Then, the slave B t,255 The connected regions appearing therein are numbered starting with 1, and all connected regions therein are assigned different numbers with consecutive integers. After B t,θ When a brand-new area which is completely not overlapped with the numbered area appears, a new number is continuously distributed to the new area; when the coded area is overlapped with the unique numbered area, the number of the area is inherited; when the number of the area is overlapped with a plurality of numbered areas, the number of the area with the largest area is inherited. Numbering all connected regions in the whole Boolean graph sequence according to the rule, and a series of regions with the same number in different Boolean graph layers can form a three-dimensional region
Figure BDA0003517322200000033
N r As an image I t The number of the obtained three-dimensional regions, and the three-dimensional regions are formed by a plurality of sub-region image layers
Figure BDA0003517322200000034
l is the layer where each sub-region is located.

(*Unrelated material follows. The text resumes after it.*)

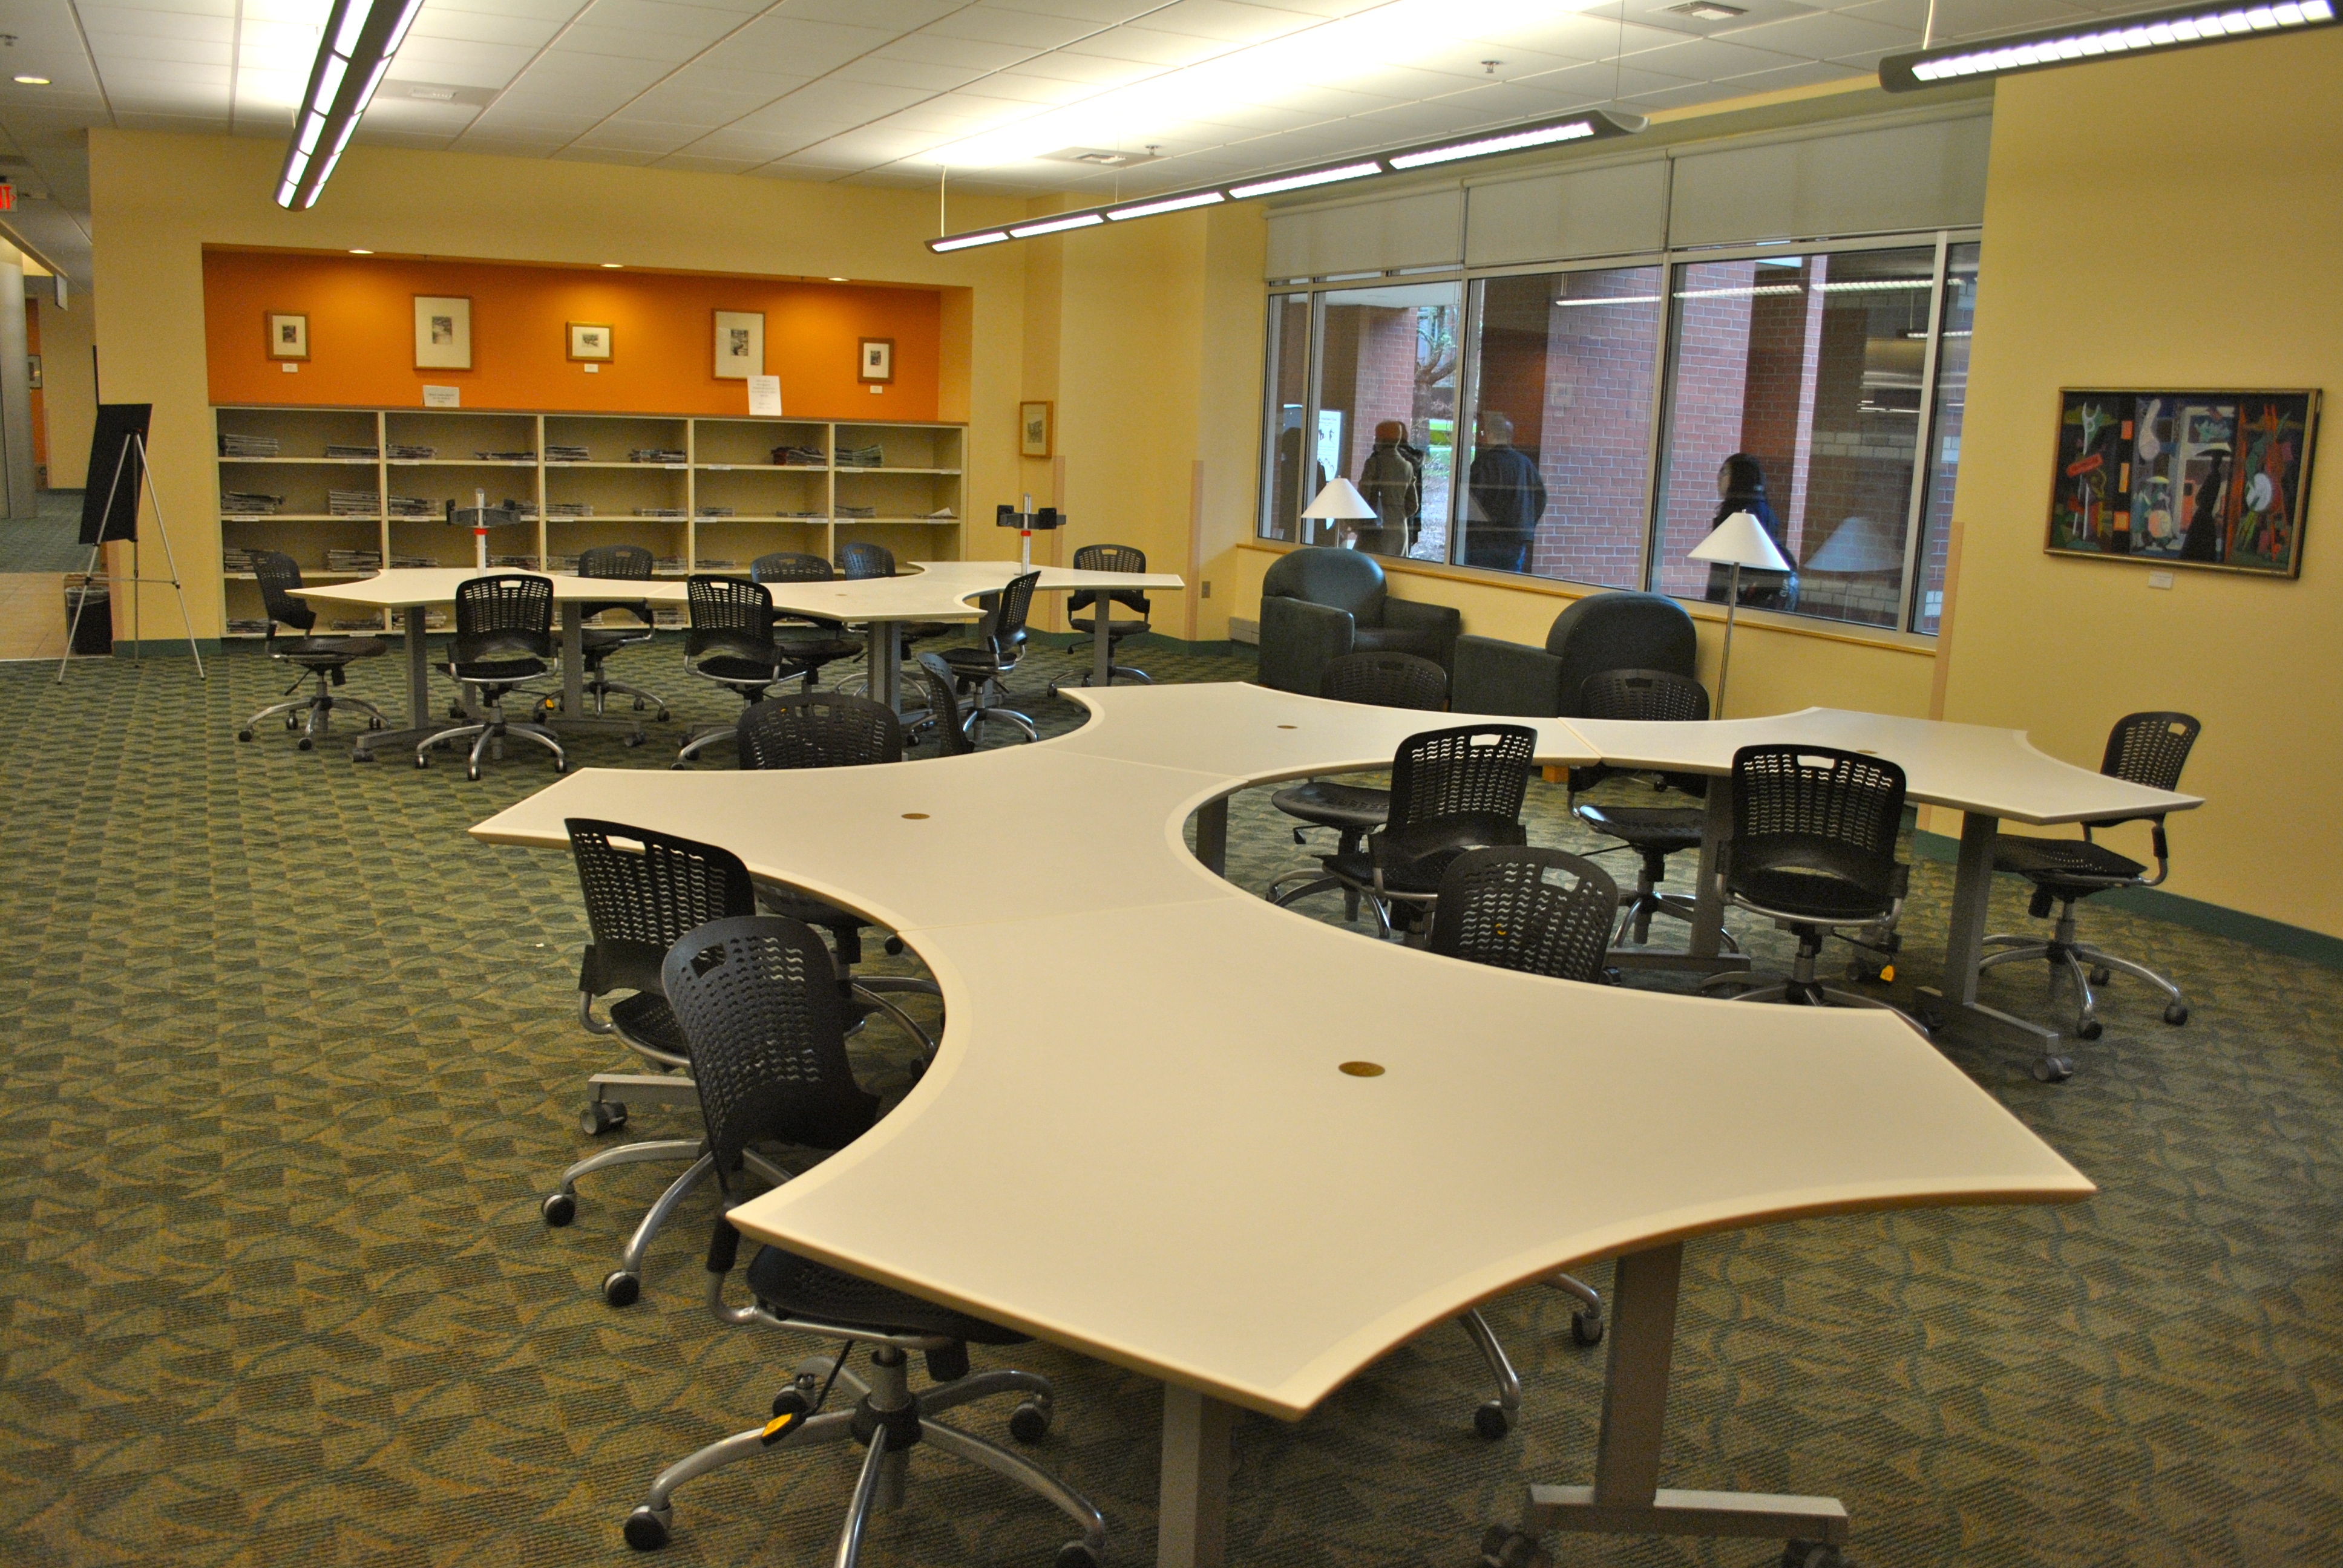 A large classroom with curved tables and chairs on wheels.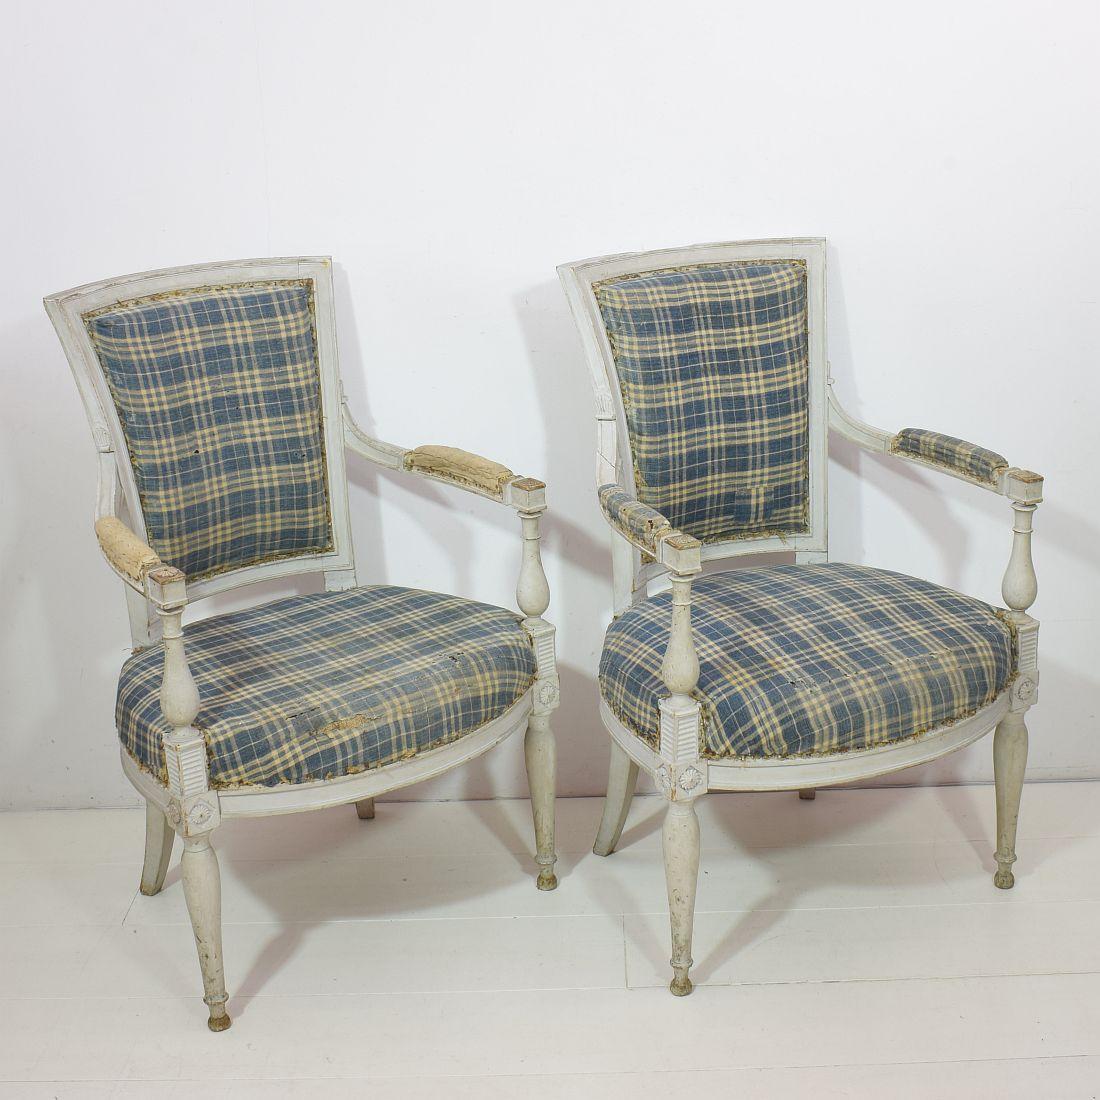 Hand-Crafted 18th Century French Pair of Directoire Chairs

Wherein, in the step one, the similarity operator is calculated and normalized for the sub-regions of each three-dimensional region, and the calculation method is as follows: first, each subregion is calculated
Figure BDA0003517322200000035
The greater the gray contrast of the inner superpixel to its neighboring outer superpixel, the more likely the region is to represent a complete object. The calculation formula is as follows:
Figure BDA0003517322200000041
wherein sp t,i Is a sub-region
Figure BDA0003517322200000042
Inner super-pixel, sp t,j Is not subject to
Figure BDA0003517322200000043
The super pixel of (2); delta (-) is an indicator function when a superpixel sp t,j Belong to and sp t,i Neighboring super-pixel sets
Figure BDA0003517322200000044
When the value is 1, otherwise, it is 0.
Then calculating each sub-region
Figure BDA0003517322200000045
The smaller the difference between the superpixels within a sub-region, the more likely it represents a complete object. The calculation formula is as follows:
Figure BDA0003517322200000046
then calculating each sub-region
Figure BDA0003517322200000047
The gradient information contained at the boundary, the more gradients contained at the boundary are more likely to be complete objects. The calculation formula is as follows:
Figure BDA0003517322200000048
wherein br t,p Is an image frame I t The response of the gradient map at pixel p,
Figure BDA0003517322200000049
is a sub-region
Figure BDA00035173222000000410
The set of boundary pixels of (2).
Figure BDA00035173222000000411
Is a sub-region
Figure BDA00035173222000000412
The area of (a).
According to the above rule, the calculation formula of the similarity descriptor is as follows:
Figure BDA00035173222000000413
and finally, normalizing the similarity operators of all the sub-regions in each three-dimensional region, wherein the calculation formula is as follows:
Figure BDA00035173222000000414
the resulting similarity operator describes the likelihood that each region can represent the complete target region.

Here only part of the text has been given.